Exercises on Covariance and Correlation

Exercises on Covariance and Correlation#

1) Covariance

Prove mathematically and numerically the correlation formula for \(N\rightarrow\infty\):

\[ Cov(x,y)=\frac{1}{N-1}\sum_{i=1}^{N}(x_i -\bar{x})(y_i -\bar{y}) = ... = \overline{xy} - \bar{x}\bar{y}\]
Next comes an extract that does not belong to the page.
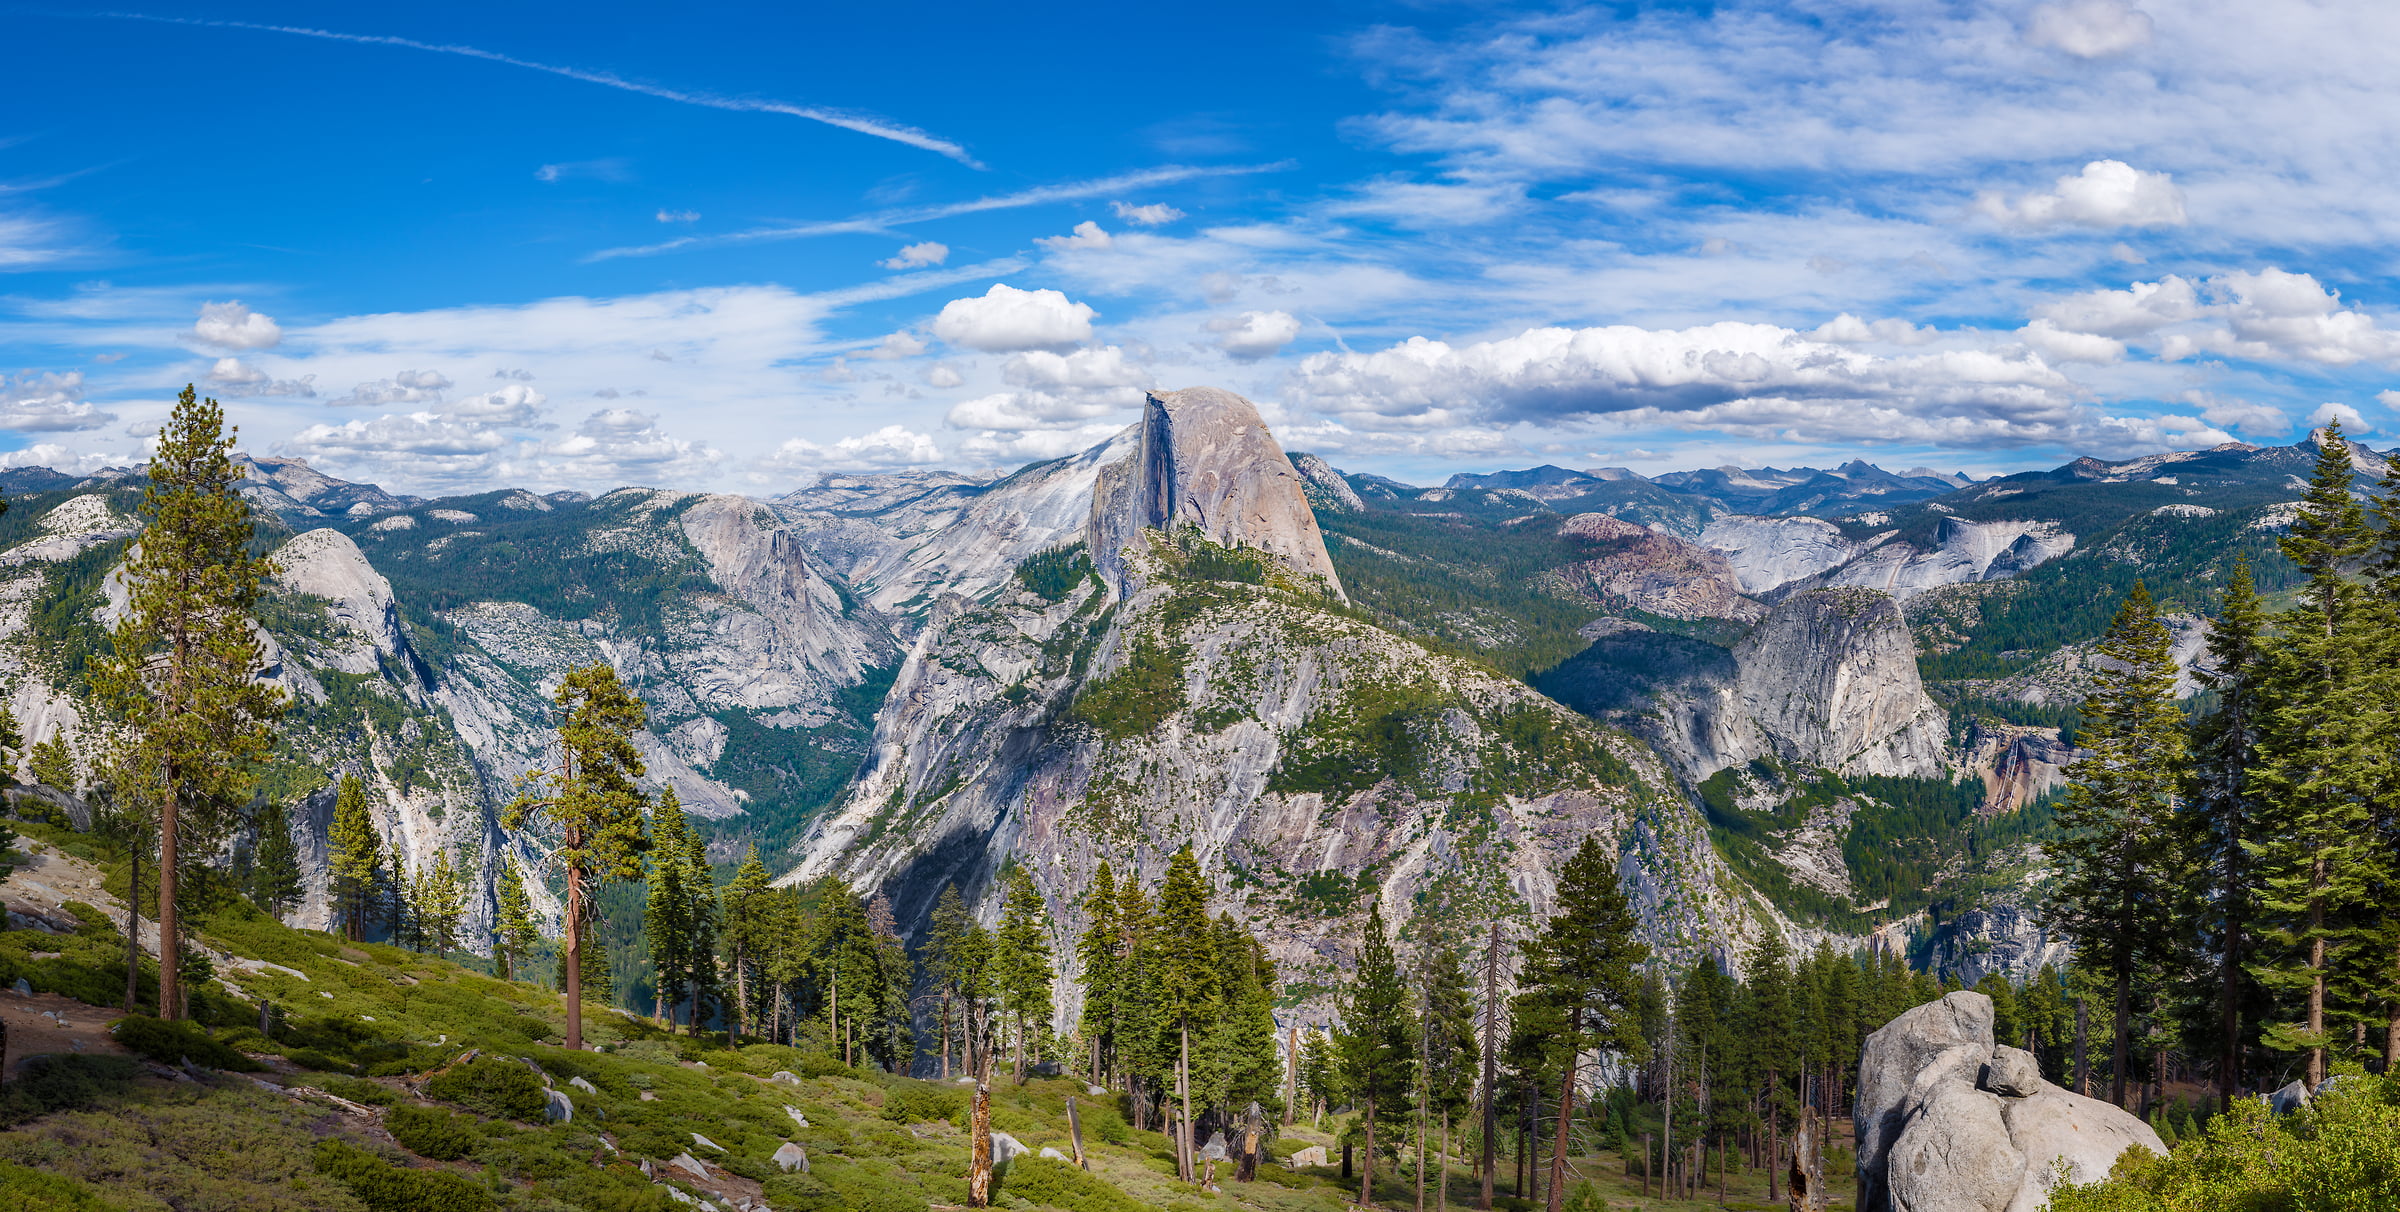 288 megapixels! A very high resolution, large-format VAST photo of an American landscape with an idyllic valley; fine art landscape photograph created by Jim Tarpo in Half Dome, Yosemite National Park, California

What happens if \(N=1\) and for small values of \(N\) (\(N<100\))?

2) Correlation

An advanced satellite performs a simultaneous observation of X-ray and radio spectrum of a Pulsar for a period of 10 hours. A radio-telescope on earth is also monitoring the radio spectrum but it has older instruments and higher noise.

import numpy as np
import pandas as pd

time = np.arange(0, 10)
XrayPulses = np.array([4.67, 6.07, 4.19, 4.63, 6.77, 3.69, 5.20, 4.87, 5.85, 4.73])
RadioPulsesSat = np.array([1.73, 2.24, 1.60, 1.64, 2.43, 1.26, 1.91, 1.58, 2.22, 1.67])
RadioPulsesLab = np.array([1.94, 1.16, 2.01, 2.19, 1.55, 2.05, 2.20, 2.35, 2.12, 2.19])

XrayPulses *= 10**6
RadioPulsesSat *= 10**5
RadioPulsesLab *= 10**5

data = {
    "time": time,
    "x-ray pulses": XrayPulses,
    "radio pulses satellite": RadioPulsesSat,
    "radio pulses laboratory": RadioPulsesLab,
}

df = pd.DataFrame(data)
df
---------------------------------------------------------------------------
ModuleNotFoundError                       Traceback (most recent call last)
Cell In[1], line 2
      1 import numpy as np
----> 2 import pandas as pd
      4 time = np.arange(0, 10)
      5 XrayPulses = np.array([4.67, 6.07, 4.19, 4.63, 6.77, 3.69, 5.20, 4.87, 5.85, 4.73])

ModuleNotFoundError: No module named 'pandas'

3.1) Compute the covariance and the correlation factor of the x-ray pulses and the radio pulses from satellite.

Is there any evidence of correlation between radio pulses and X-Rays? If so try to see if there’s still correlation between the X-Ray pulses and the Radio pulses recorded by the second radio-telescope (the one on Earth), and verify that the correlation of data of the two radio-telescope give the same result.

Do you expect any correlation between the time and the data from the satellite or the telescope? Answer by computing the correlation between time and Xray or radio pulses.

3.2) Fill the x-ray pulses and the radio pulses data into a 2D histogram, get the correlation and the covariance from the histogram and compare it with the calculated one. The difference with respect to (2.1) is that here your data are binned.

Comment on the information loss from unbinned to binned data for the calculation of covariance/correlation and discuss the limit for which unbinned and binned data reach the same result

Note: getting correlation and covariance from the histogram means computing these quantities using the average values of the bins.